Masculinity, Femininity, and Attraction
[Listen to an audio version of this blog here.]
I met a man last summer by happenstance. I was running through the Grand Canyon, and he was hiking. My headlight died, and I followed him for a bit until one of my friends found me. We parted ways, and I thought nothing more of it, until I received a message through this blog (edited for brevity): "Sarah, this is whats-his-face. We met last night when your light went out....for a brief moment at the top I thought to swap numbers, though being so near death just couldn't get it together to ask...wondering if you're interested to meet up sometime. Beach + Poetry? Write me back if you'd like, text or email works great. No pressure either way. I just believe in following instincts, exploring coincidences, being open to gifts. Wishing you a great week!"
Sort of weird, but not in a bad way. We eventually met up, and my initial impression of him was vague. His energy was a bit off-putting, because he was both too sure of himself and too eager to make a good impression. His energy skewed toward the more feminine end of the spectrum, and I don't think it's wrong to say I don't find that attractive. "I don't know. He not unattractive at all but his energy is really confusing." I told one of my friends. To be fair, he was at a weird spot in his life. In between jobs, living at home, and somehow still, a bit hubristic.
The red flags were small, but they piled up. The way he claimed he was the best at what he did, even though he wasn't doing that particular thing anymore. The way he defended the random man who followed me in a car while I was running. The way he defended white manhood and bemoaned capitalism ad nauseum. I couldn't truly empathize with any of his struggles. I had to cut ties. He was beginning to repulse me, and that had never happened before. So I asked my therapist (who I've since stopped seeing) about attraction: what makes someone unattractive? What role does masculinity or femininity play in a heterosexaul relationship? Why do men some men seek out strong, independent, capable women only to try to tear them down? Why are other men annoying beyond reason? And my biggest question, that my therapist couldn't really answer: what could a man bring to my life that I don't already have?
"You, and me, and everyone, has both masculine and feminine energy," my therapist told me. This was not news to me. This seemed almost pointless to say. "What often happens though, in the dynamics of the couples I counsel, is that the relationship balance of masculine and feminine gets thrown off. If a woman feels unduly burdened by running a household, earning income, or raising the kids, for example, she will begin to feel more masculine than her husband and that can lead to a lot of tension."
She paused for a moment, "What do you think happens when a woman is so capable that she doesn't need a partner?" she asked, using air quotes around the word "need."
"Well the partnership could end," I answered, "or she might not even start one."
"Let's assume she wants one though," she said. "She might push her partner away. Masculinity and femininity are only as important to a relationship as the people in that relationship need them to be. For you, it sounds like you want a partner who can allow you to embrace your femininity. You can clearly take care of yourself."
"And this guy," I said, "seemed like he wasn't even taking care of himself and that's probably what repulsed me the most."

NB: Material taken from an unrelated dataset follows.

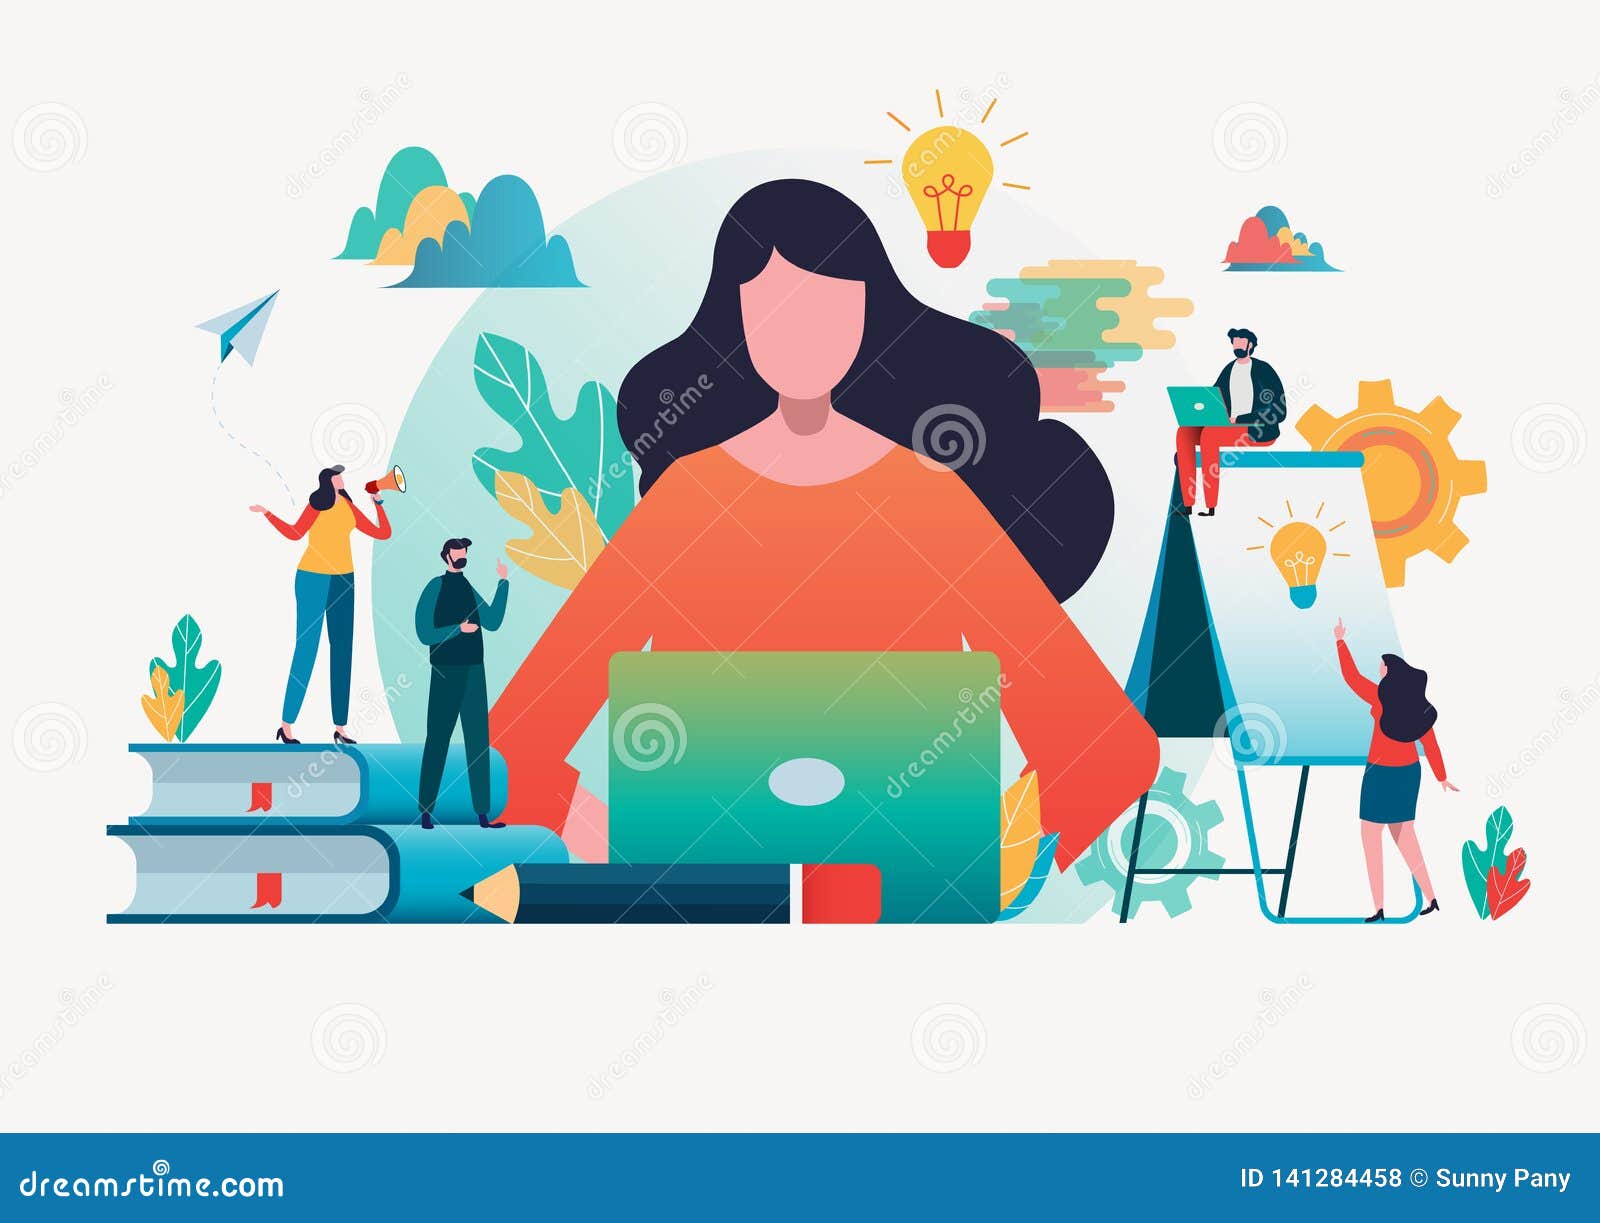 People Create Idea To  Cartoon Character Graphic Design Stock  Illustration - Illustration of background, cooperation: 141284458

My therapist at the time was a marriage and family counselor. We talked a lot about the relationships I held with family members, friends, and men. We talked a lot about the dynamics of relationships and how the dynamics of previous generations are slowly being turned upside down, but how many of them still hold true. Men and women, she told me, haven't changed all that much. She gave me a chart one day that delineated the classic differences between masculine and feminine energy, and it looked something like this:
Masculine Energy Feminine Energy
Taking Action Creative/Inspiring
Loves to Fix Things/Solve Problems Loves Creating/Appreciates Beauty
Protective Intuitive/Empathetic Strong/Stable Passionate
Decisive Seeks Truth
More Analytical More Emotional
Craves Importance Craves Love/Acceptance
The primary downfall of masculine energy is becoming domineering and egotistical. The primary downfall of feminine energy is becoming uncertain or subservient. "Both are important for relationships," my therapist told me, "and both affect attraction. But in this particular scenario, it may be best to just move on and let it go." She was right, of course.
Attraction is a nuanced and finicky thing. Physical attraction is one thing, but emotional attraction is totally different. I've met physically attractive men who become highly unattractive because of their attitudes or mannerisms. And I've met men who aren't physically stunning, but whose personalities set them apart. Experts estimate that people can usually determine attraction within the first 90 seconds of meeting someone. Probably my biggest take away from all of this is to pay more attention to those first 90 seconds.